Пошел к председателю. «Отпусти, говорю, по-хорошему. Все равно убегу». Он нехороший мужик был. Ну, что ж, говорит, беги. Но только помни — убежишь — тюрьмы тебе не миновать. Мы за тебя не заступимся… Я сильно сомневался, что делать. Да несчастный случай помог. Повез я с обозом зерно. Дали мне четыре лошади, а всего обоз образовался — подвод тридцать. Вожжей не было. А мне еще Лыска досталась — на один глаз кривая, то есть с бельмом. То ли мне нарочно Иннокентий ее подсунул, не знаю. Только около Смирихинского моста, смотрю, моя Лыска все левее, все левее забирает, я кинулся, да поздно. Вместе с телегой покатилась под откос. Сломала ногу переднюю, правую. Мужики сбежались, кули с хлебом перегрузили, а Лыску прирезали и мясо с собой взяли. Председатель мне так прямо и сказал: «Под суд пойдешь»… Я говорю, Иннокентий виноват, что кривую лошадь отправил и вожжей не дал. А председатель смеется: «Там и расскажешь. В понедельник отправим тебя в район». Но я дожидаться не стал… Сговорился с двумя товарищами, взломали склад сельпо, взяли продуктов и четыре ящика водки, украли весельную лодку и двинулись против течения. Конечно, за нами погоня. Но они на моторном катере, а его далеко слышно. Мы успевали спрятаться на островах. Проще говоря, повезло. Еще раз повезло, когда прицепились к барже, которую вел буксир. За ночь отмахали километров двести. После этого уже не страшна погоня. За водку, которую мы привезли, купили фальшивые документы. И все вроде бы пришло в норму, я поступил работать грузчиком на конфетную фабрику, как вдруг меня забрали. Арестовали за то, в чем я нисколько не был виноват. Обвинили, что в столовой украл пальто. Никакого пальто я в глаза не видел. Единственное, в чем виноват, — позубоскалил с девчонкой гардеробщицей. Потом она показала, что я нарочно отвлекал ее внимание, пока другие пальто взяли. Просидел в тюрьме месяц, а потом меня отпустили.

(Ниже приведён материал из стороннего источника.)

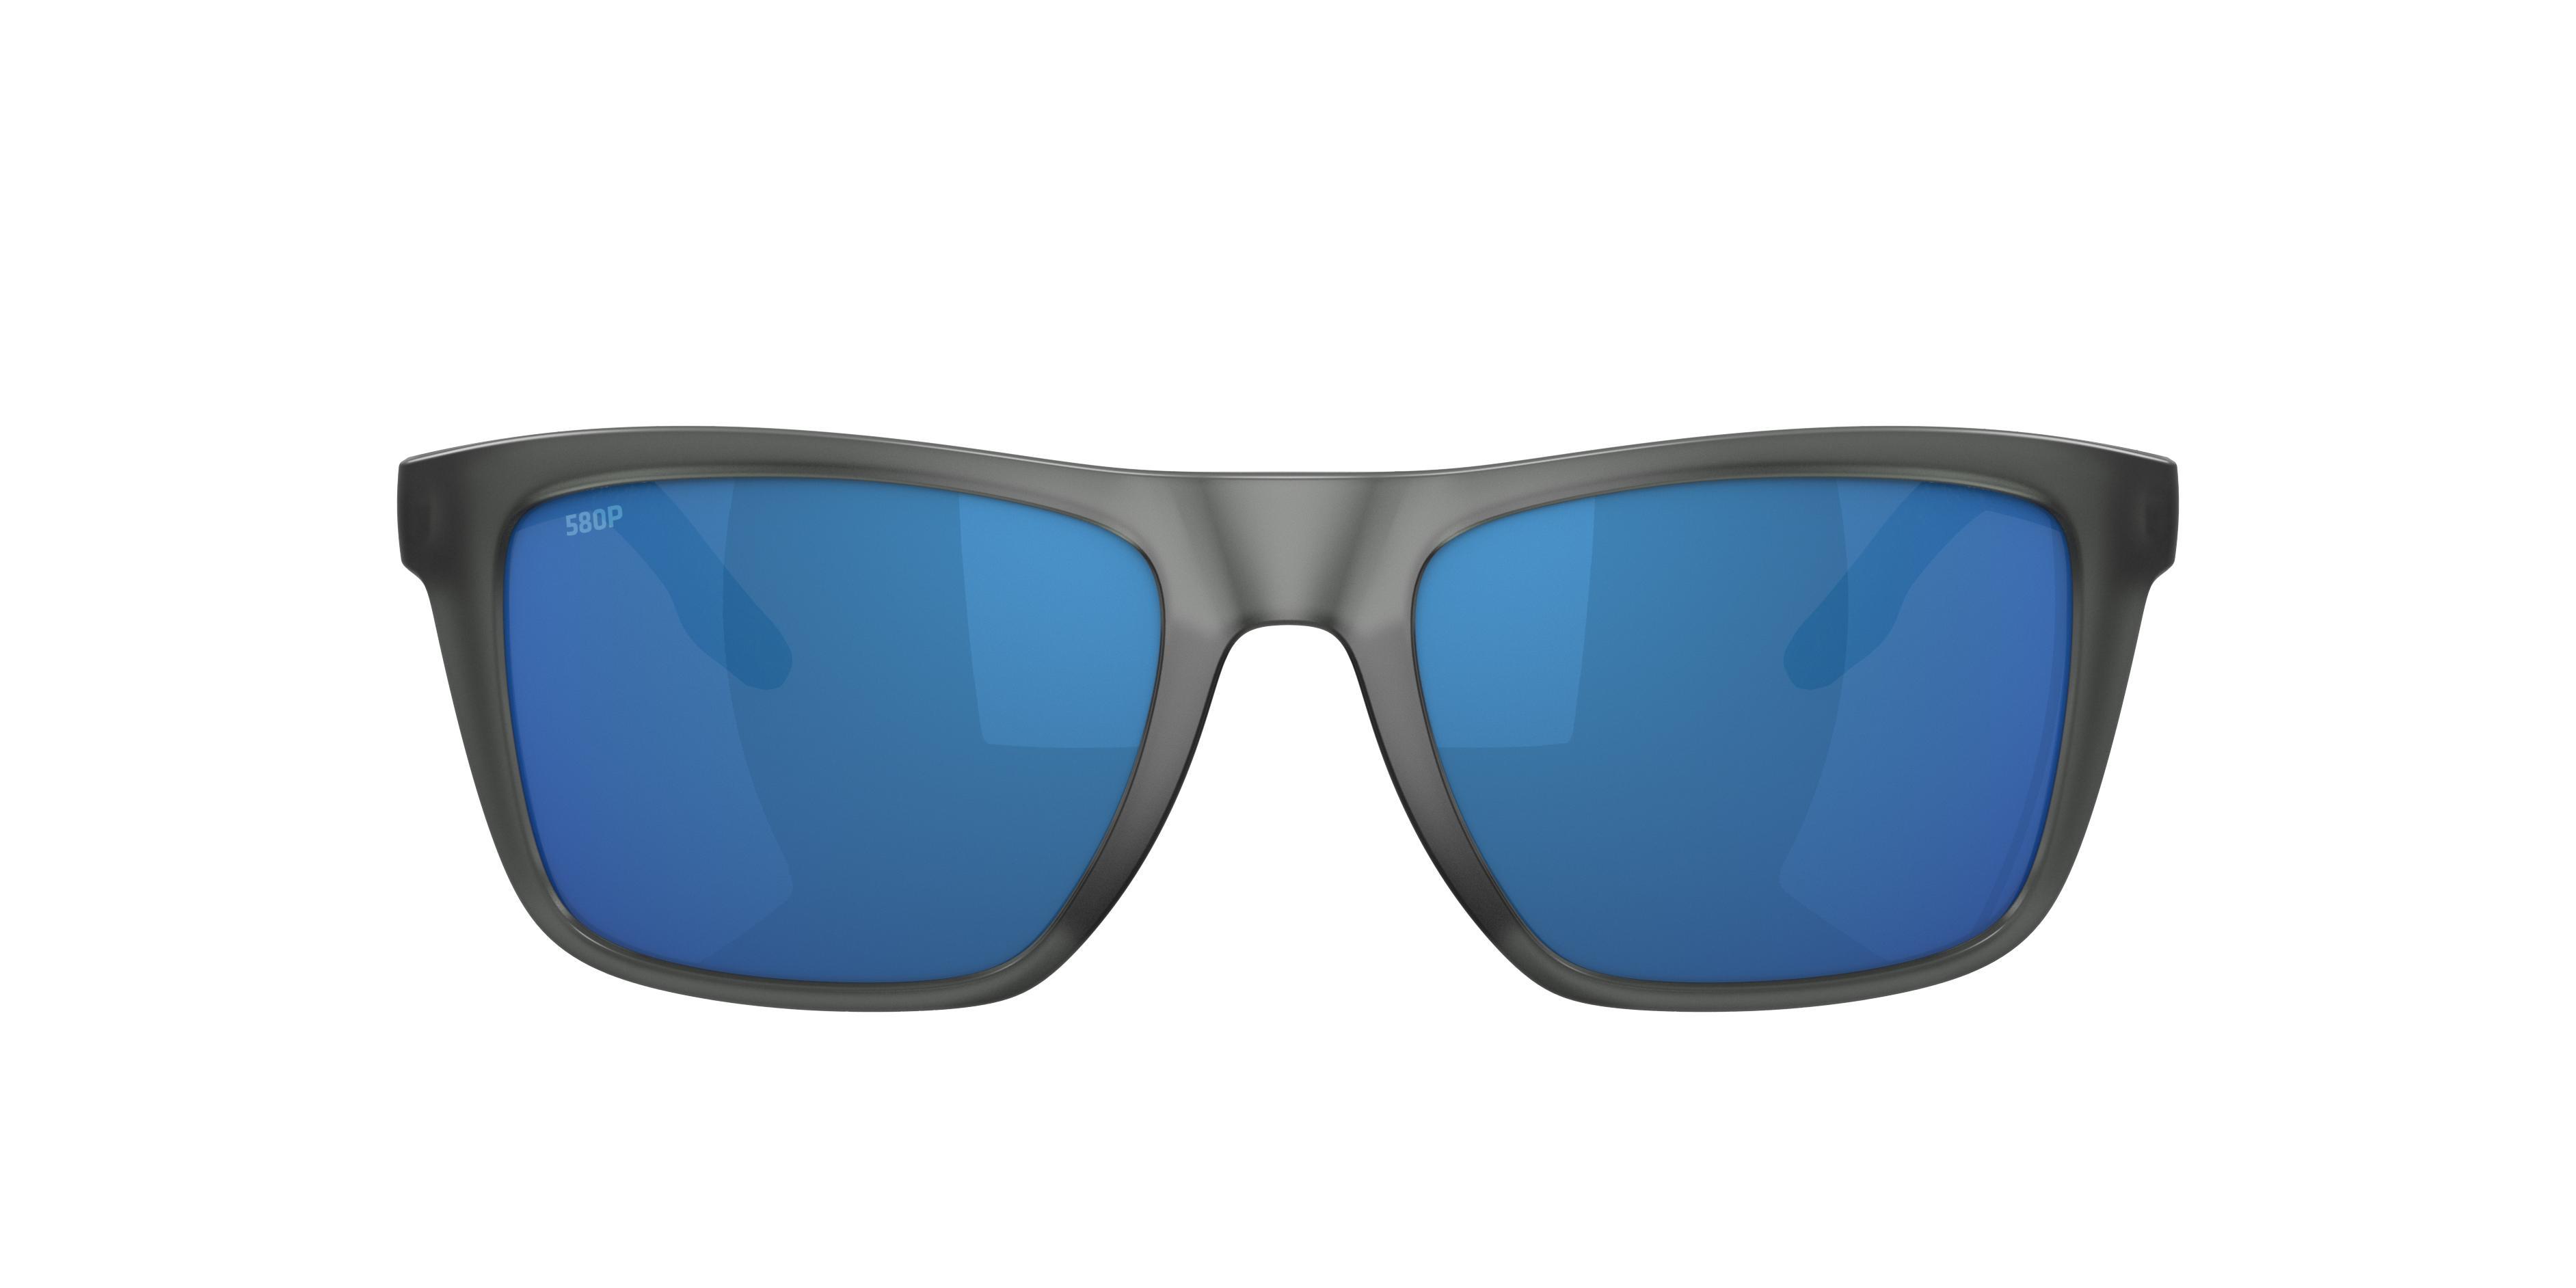 Costa Del Mar Mainsail 55mm Mirrored Polarized Rectangular Sunglasses Product Image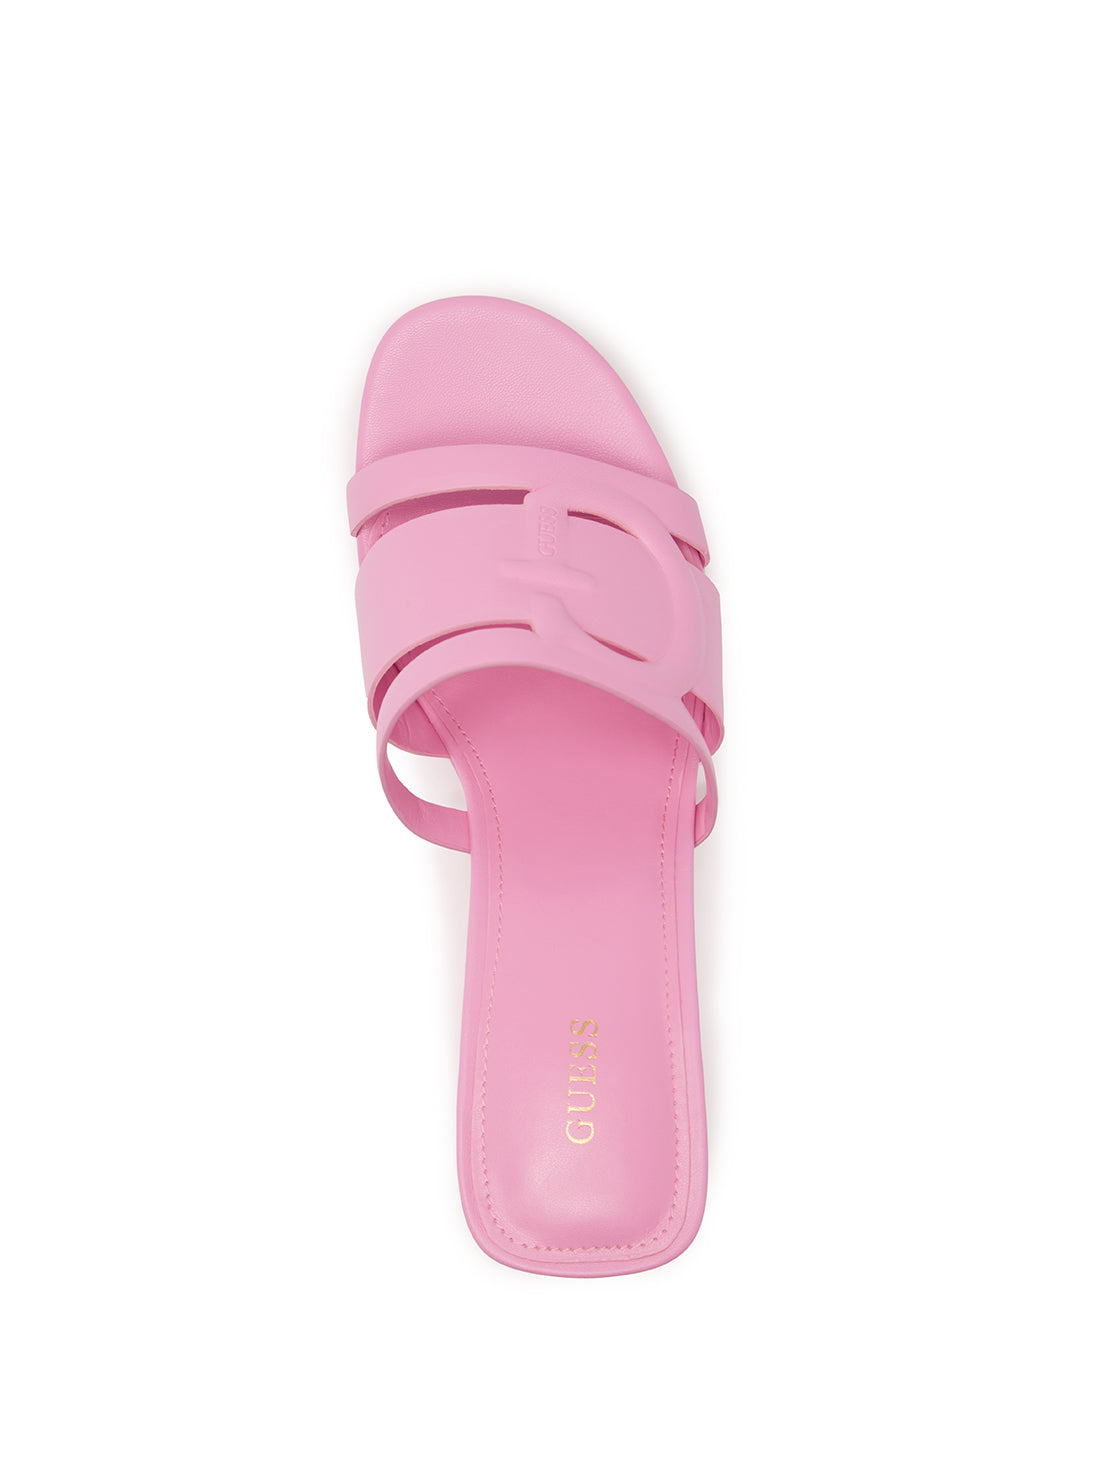 GUESS Women's Pink Nads Logo Sandal Heels NADS Top View

О тюрьме Бекас сохранил самые плохие воспоминания.

— С меня хватит, — говорил он мне. — Там в два счета можно концы отдать. Свои же пришьют…

— Забоялся? — спросил Морячок.

— Я еще пожить хочу, — тряхнул грязным чубом Бекас. — А, к черту это все… Расскажи, Колян, что-нибудь интересное.

Серьезный разговор на этом закончился, а дальше пошла похабщина. Бекас и Морячок рассказывали всякую чепуху, причем выставляли себя этакими неотразимыми волокитами.

Никто не заметил, как рядом оказался старик Чинаров. Он наклонился к костру, чтобы подпалить табак в своей коротенькой трубочке. Все невольно замолчали, так как и тон и тема были не для чужих ушей. Видно, и Бекас, и Морячок подумали об одном и том же: слышал старик их похвальбу или нет. Чинаров невозмутимо прикурил от тлеющего конца ветки, уселся поудобней и проговорил беззлобно:

— Вот дурни. Ей-богу, дурни… Все одно у вас на уме: девки да девки… А что хорошего в девках? Бестолковые они, как телки…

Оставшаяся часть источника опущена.